Dynamic tables aren’t supported on Iceberg tables created from Delta table files.
Snowflake doesn’t support creating Iceberg tables from Delta table definitions in the AWS Glue Data Catalog.
Parquet files (data files for Delta tables) that use any of the following features or data types aren’t supported:
Field IDs.
The INTERVAL data type.
The DECIMAL data type with precision higher than 38.
LIST or MAP types with one-level or two-level representation.
Unsigned integer types (INT(signed = false)).
The FLOAT16 data type.
For more information about Delta data types and Iceberg tables, see Delta data types.

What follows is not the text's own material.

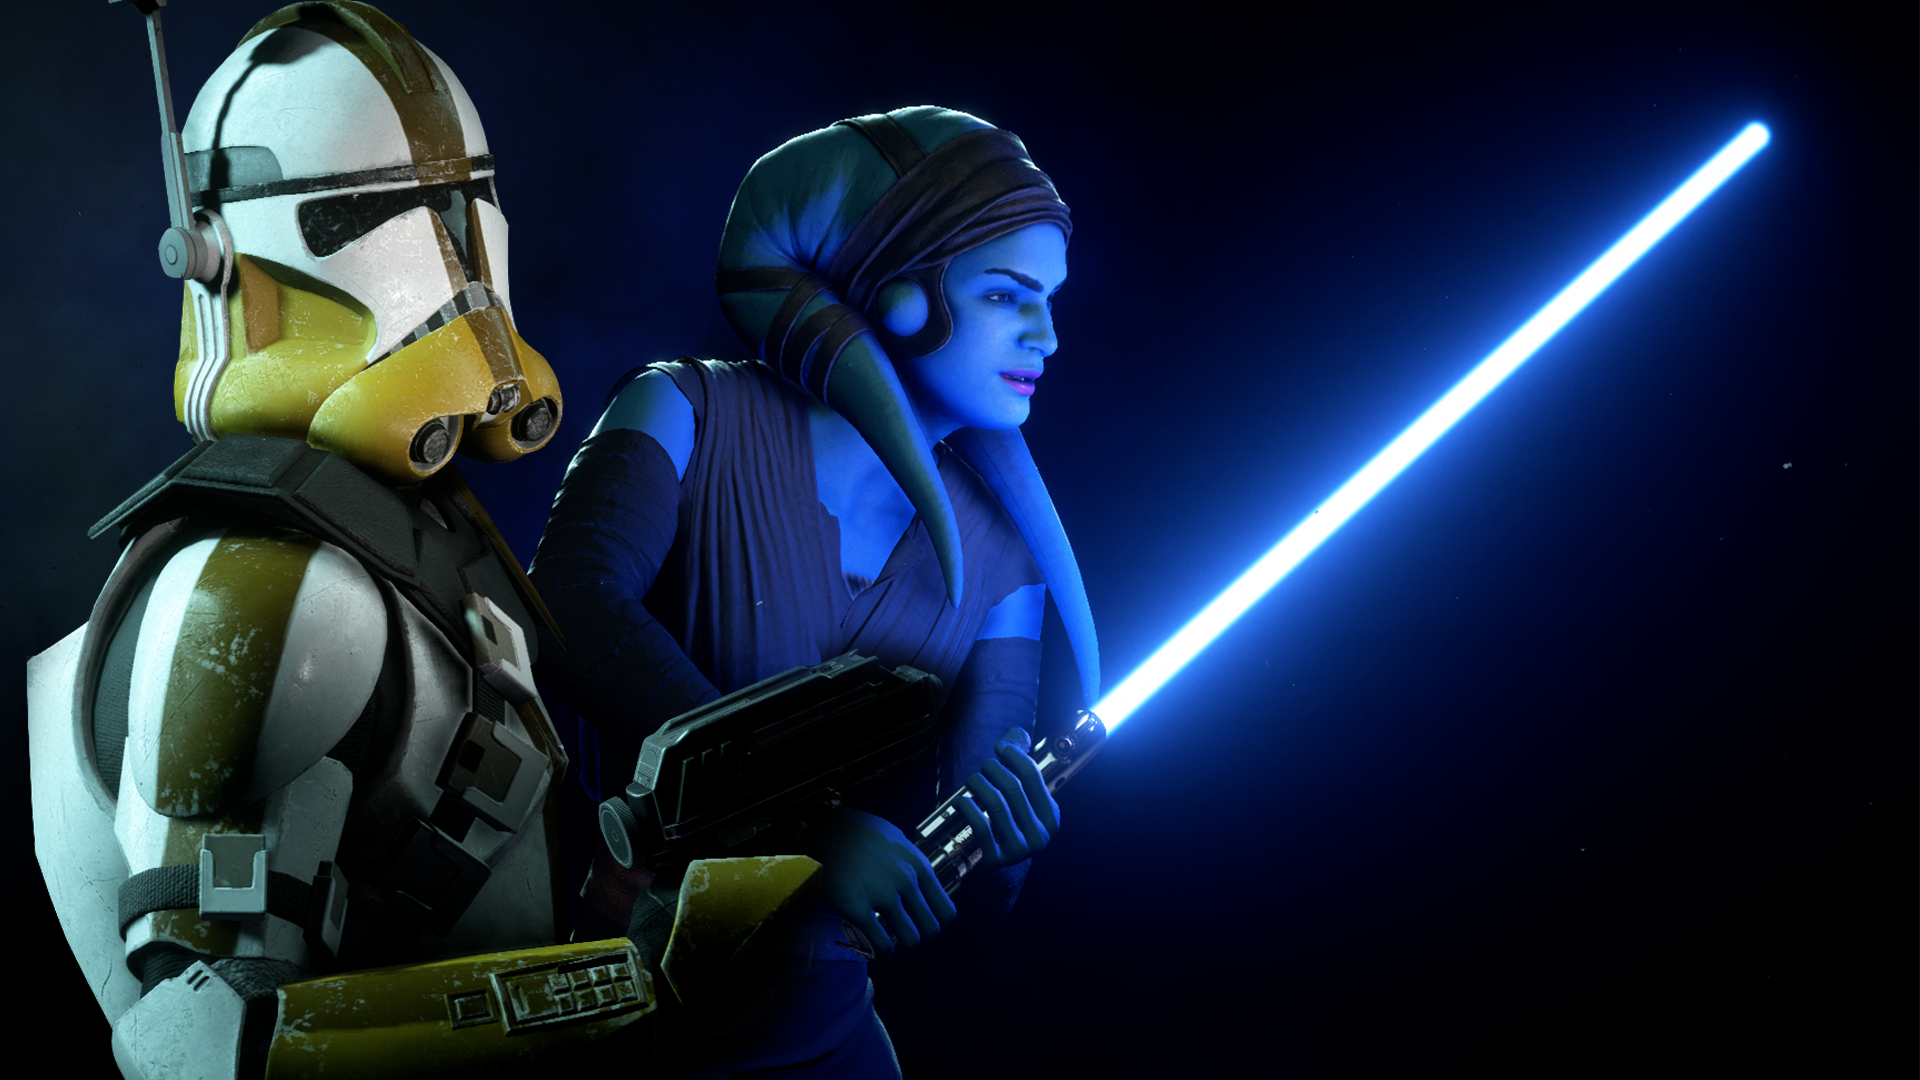 Commander Bly leading the battlefront with general Secura: StarWarsBattlefront
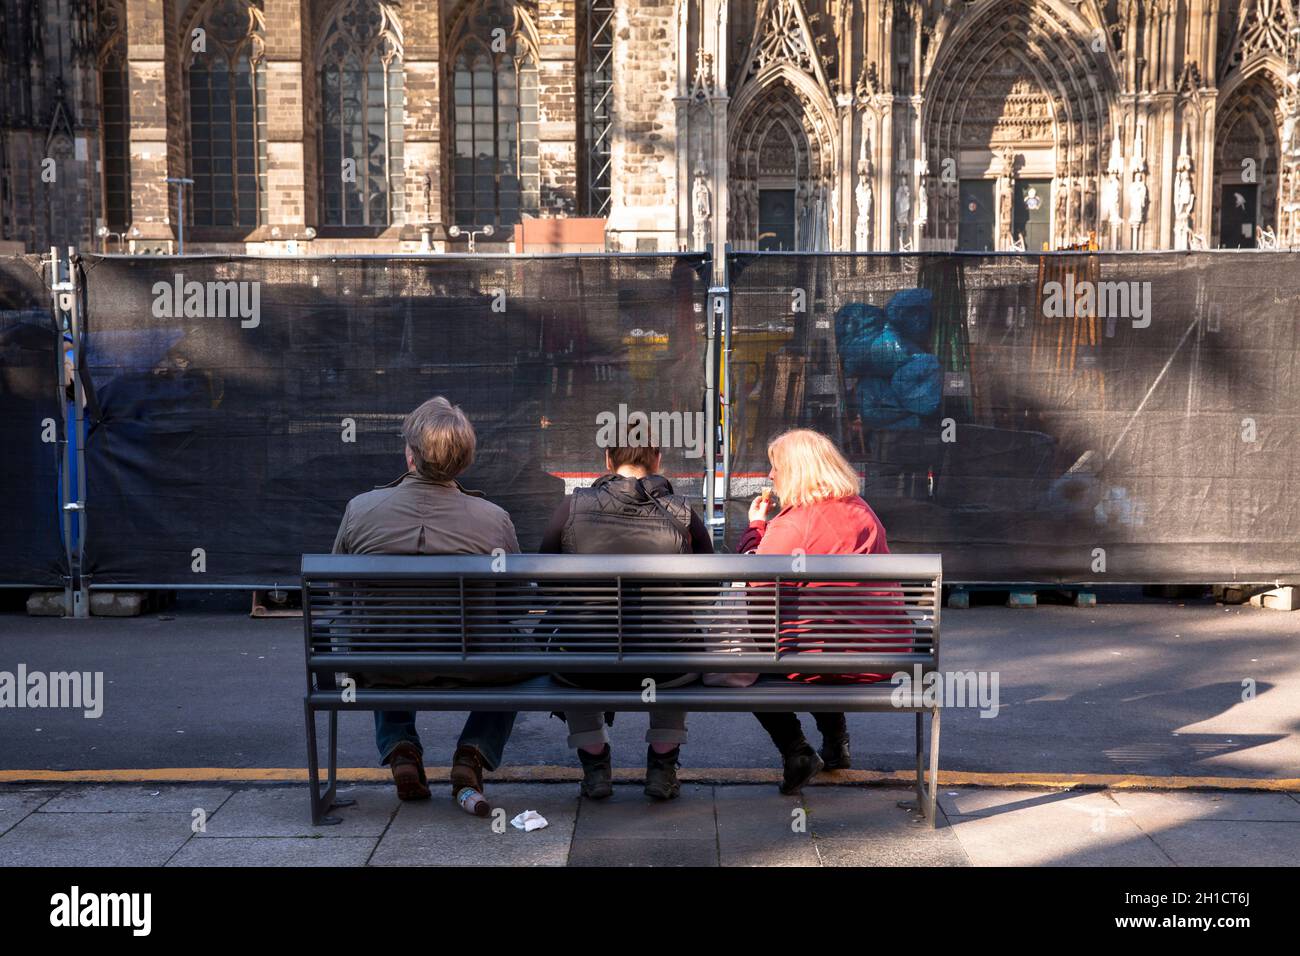 people sitting on a bench in front of a construction fence at Roncalliplatz near the cathedral, Cologne, Germany.  Menschen sitzen auf einer Bank vor Stock Photo

Refresh operations during CREATE and ALTER … REFRESH can process a maximum of 1,000 Delta commit files per operation.
Note
Snowflake uses Delta checkpoint files when creating an Iceberg table. The 1,000 commit file limit only applies to commits after the latest checkpoint.
Generating Iceberg metadata using the SYSTEM$GET_ICEBERG_TABLE_INFORMATION function isn’t supported.
The following Delta Lake features aren’t currently supported: Row tracking, deletion vector files, change data files, change metadata, DataChange, CDC, protocol evolution.
Automated refresh
When automated refresh is enabled, you can’t manually refresh the table metadata. To perform a manual refresh, turn off automated refresh first.
For catalog integrations created before Snowflake version 8.22, you must manually set the
REFRESH_INTERVAL_SECONDS
parameter before you enable automated refresh on tables that depend on that catalog integration. For instructions, see ALTER CATALOG INTEGRATION … SET AUTO_REFRESH.Ensure that the new table snapshot is a direct child of the current table snapshot. Otherwise, automated refresh enters the
STOPPED
state. To recover automated refresh when this occurs, see Error recovery.
If your table is empty, perform a manual refresh before you enable automated refresh to avoid undefined behavior.
Automated refresh isn’t supported when you use a catalog integration for object storage.
Iceberg version 1 manifests without a sequence number column aren’t currently supported.
Access by third-party clients to Iceberg data, metadata
Third-party clients can’t append to, delete from, or upsert data to Iceberg tables that use Snowflake as the catalog.
Unsupported features
The following Snowflake features aren’t currently supported for all Iceberg tables:
The following drivers:
Listings that enable Cross-Cloud Auto-Fulfillment.
Replication of Iceberg tables, external volumes, or catalog integrations
Snowflake encryption
Tagging using the ASSOCIATE_SEMANTIC_CATEGORY_TAGS stored procedure
The following features aren’t supported for Iceberg tables that use an external catalog:
Standard and append-only streams. Insert-only streams are supported.